Across the yard, a fox emerged from the hydrangeas, her coat burnished by afternoon light. She moved with the same purposeful grace Arthur remembered from his baseball days, sixty years past, when he'd patrolled center field dreaming of the majors. Back then, running felt like flying—his legs pistons of endless possibility, racing toward fly balls that seemed to hang in the sky forever, waiting just for him.

'Your move, old friend,' Arthur whispered to the fox. She vanished beneath the porch, likely after the field mouse Barnaby had been sniffing at all morning.

His wife Martha used to call him her 'zombie' before her Alzheimer's took her—half-dead to the world at 5 AM, shuffling toward the coffeepot with arms outstretched, moaning for caffeine. He'd scoop her into a slow dance in their flannel pajamas, both of them laughing until their ribs ached. Some mornings, he still caught himself shuffling that way, muscle memory from forty years of morning rituals.

The neighborhood kids ran past his fence, a boy and girl tossing a baseball back and forth. The girl missed; the ball rolled into Arthur's garden.

'Sorry, Mr. Henderson!' the boy called, darting toward the porch.

Arthur waved him off. 'Keep it, son. I've got my own.' He gestured to the faded baseball on his windowsill—signed by Mickey Mantle, 1957, the year his father drove him to Yankee Stadium for his twelfth birthday.
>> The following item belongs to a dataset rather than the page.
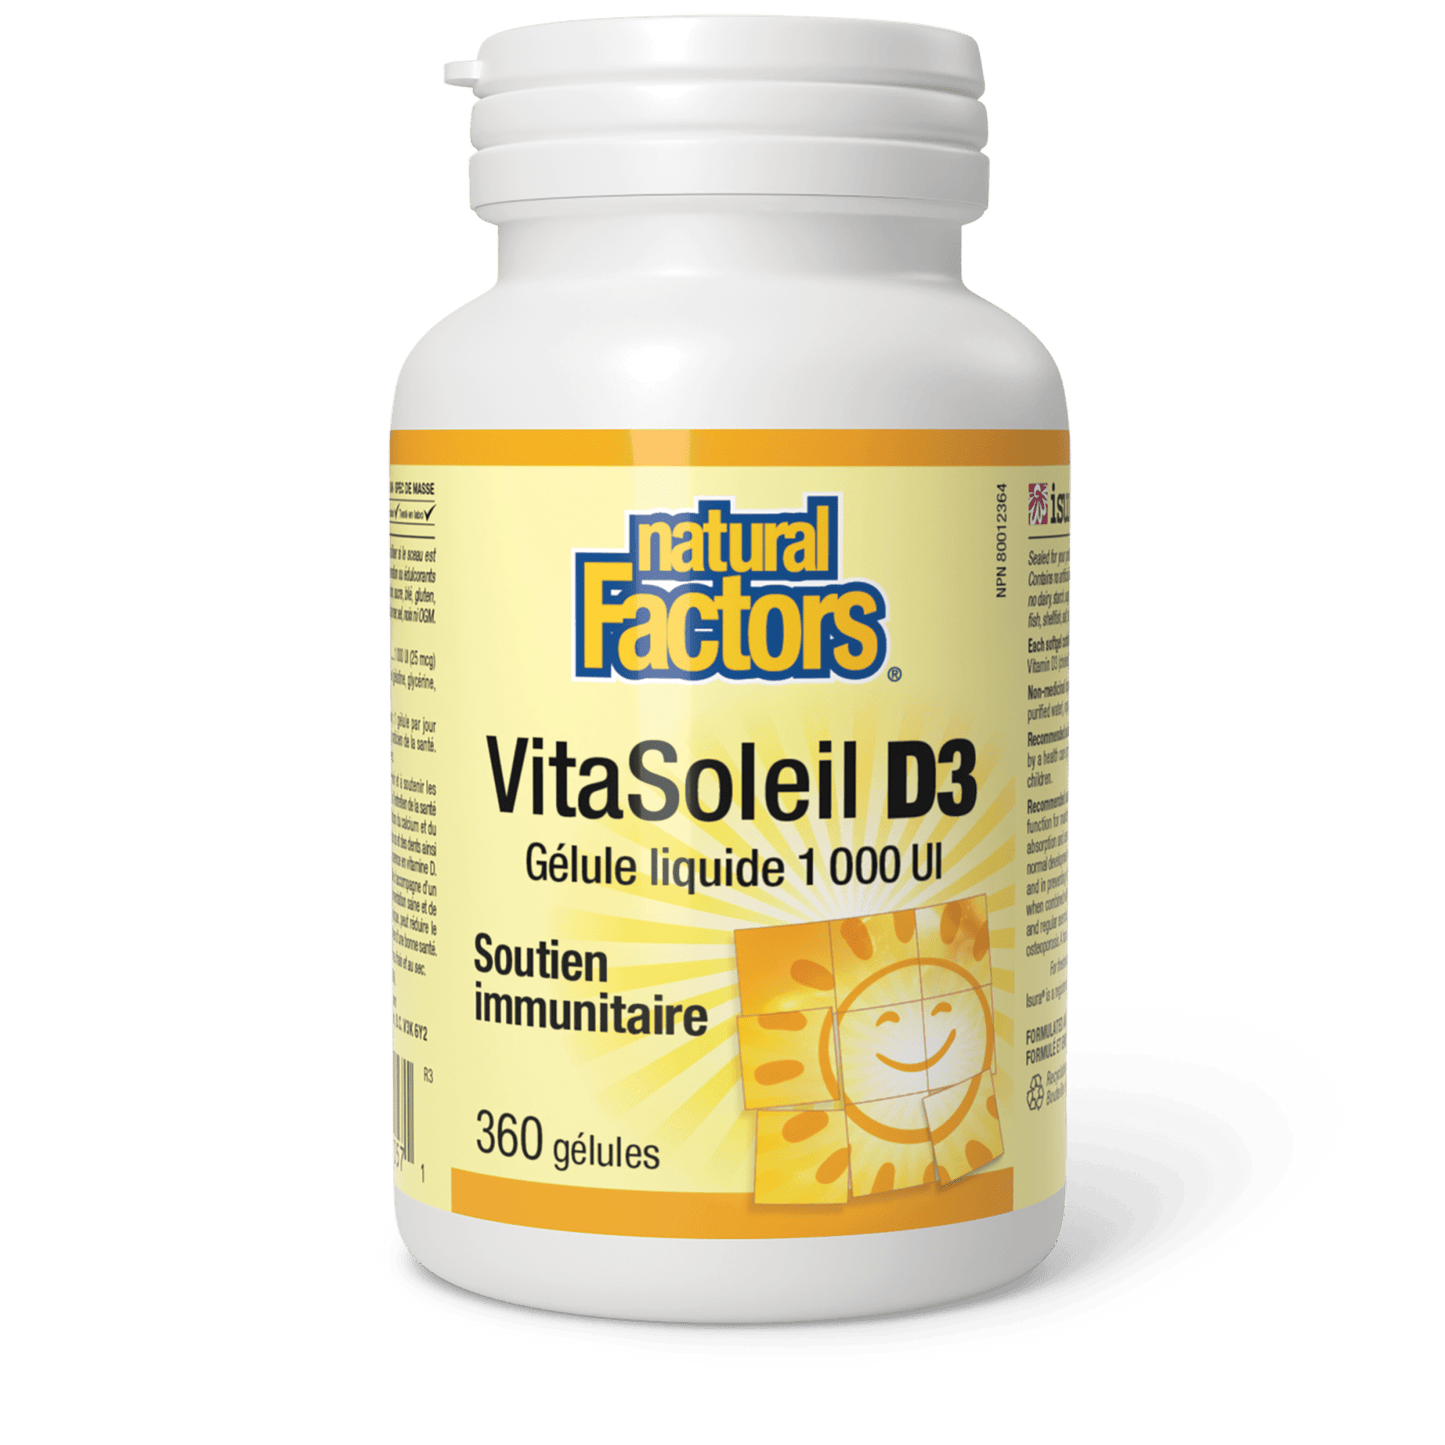 VitaSoleil D3 gélules 1 000 UI, Natural Factors|v|image|1057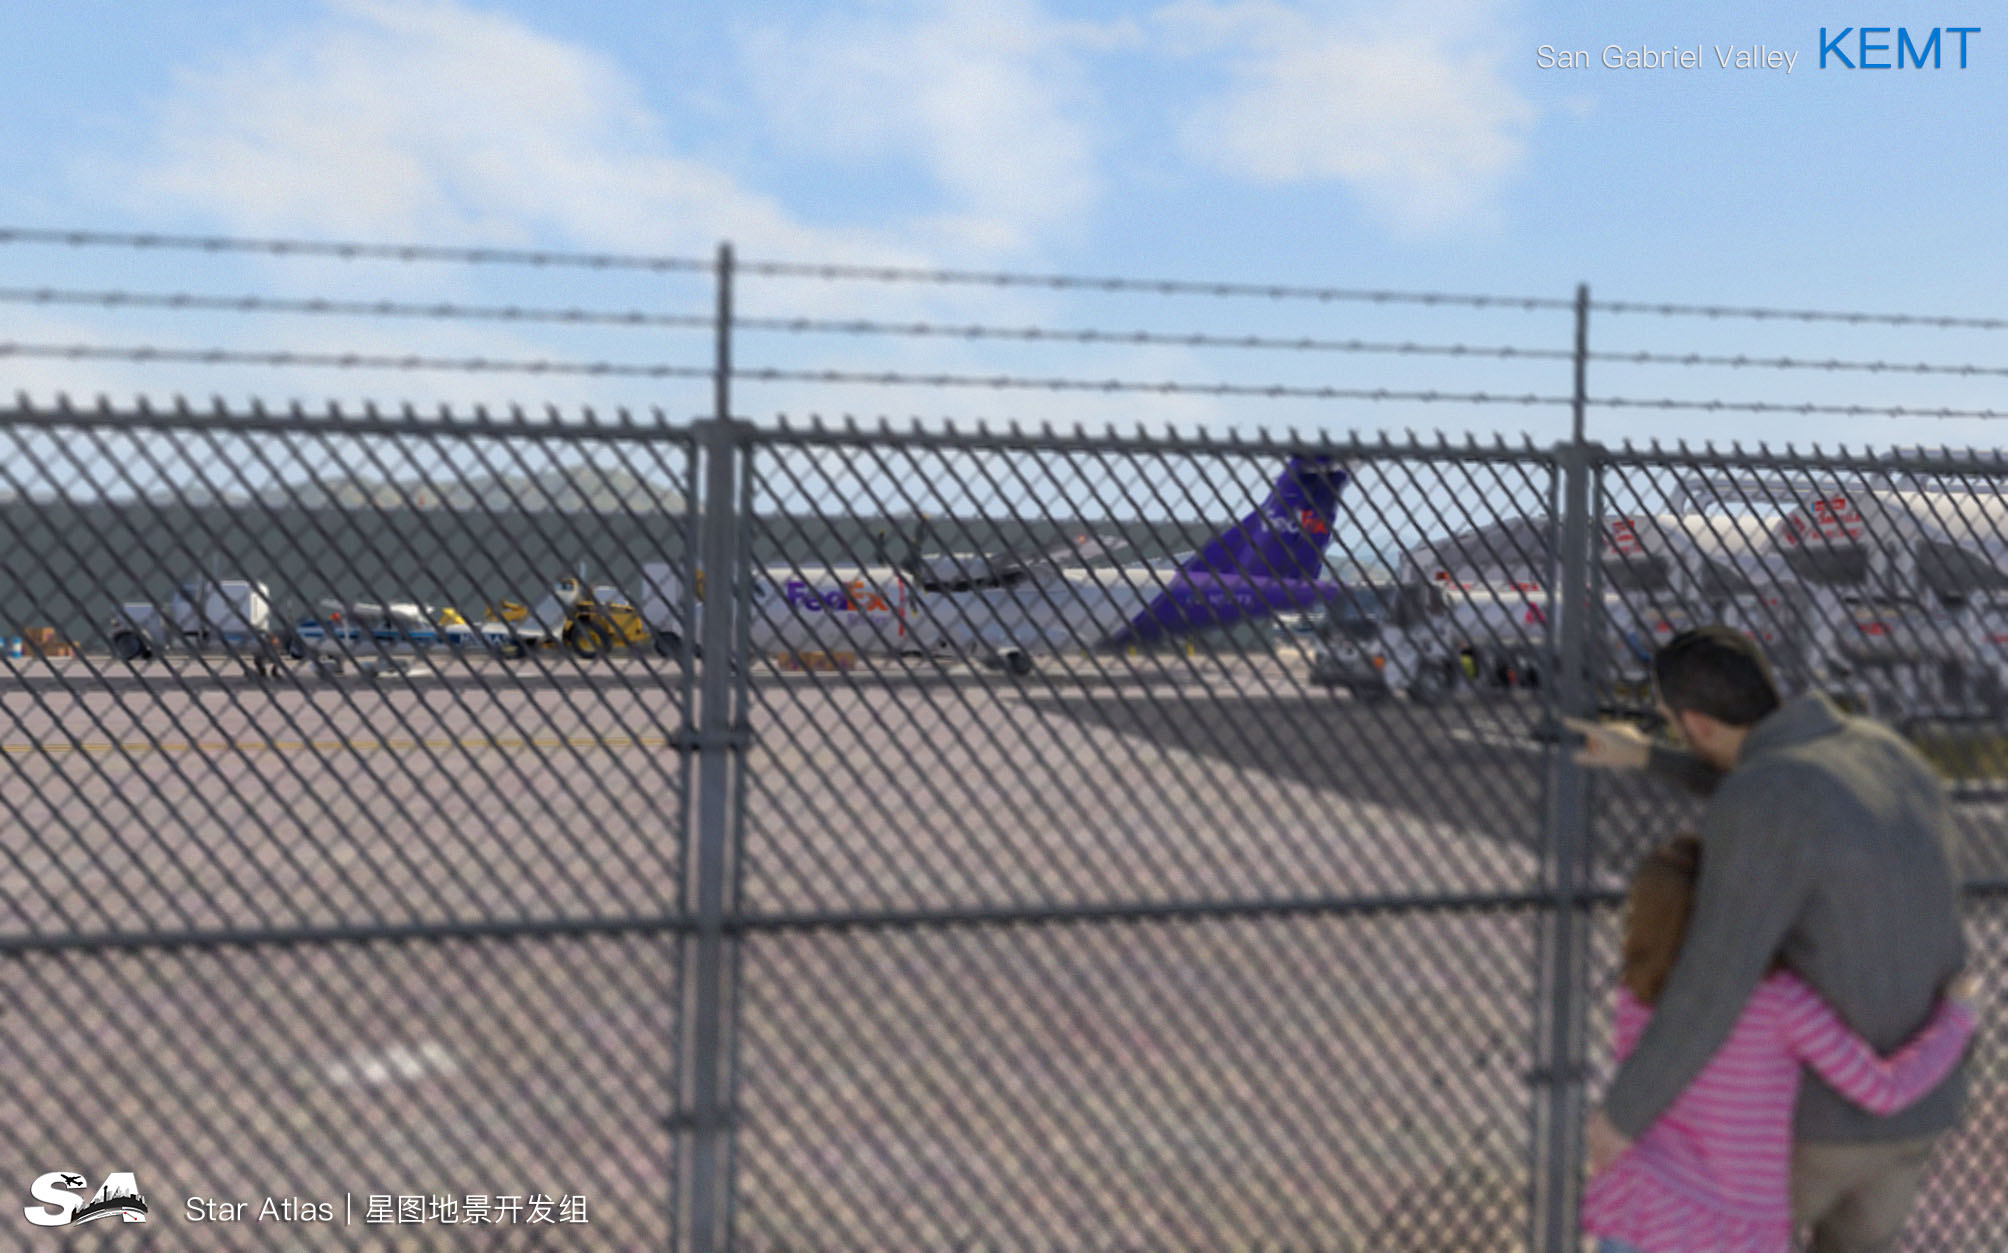 【X-Plane】KEMT-圣盖博谷机场 HD 1.0-5499

The last gift before his father's heart gave out.

The fox emerged again, carrying something in her mouth—her kit, Arthur realized, limp and lifeless. She locked eyes with him, then disappeared into the woods, her family incomplete.
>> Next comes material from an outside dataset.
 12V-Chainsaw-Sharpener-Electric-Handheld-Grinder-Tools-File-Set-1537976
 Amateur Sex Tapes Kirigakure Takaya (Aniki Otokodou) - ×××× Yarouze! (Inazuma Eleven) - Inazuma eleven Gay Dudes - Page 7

Arthur's throat tightened. He reached down to scratch Barnaby's ears. 'We're the lucky ones, aren't we, boy? We got our innings.'

The sun dipped below the horizon. Another day done. Arthur had stopped running toward anything long ago. But watching the light fade, holding Barnaby's warm weight against his shins, he understood at last: the game wasn't about the home runs. It was about who sat beside you in the dugout, who waited at home plate, who remembered your name when your own mind started forgetting. The fox would return tomorrow. Martha was gone but everywhere. And somehow, impossibly, he was still here—still at bat, still in the game, counting every blessing as it crossed the plate.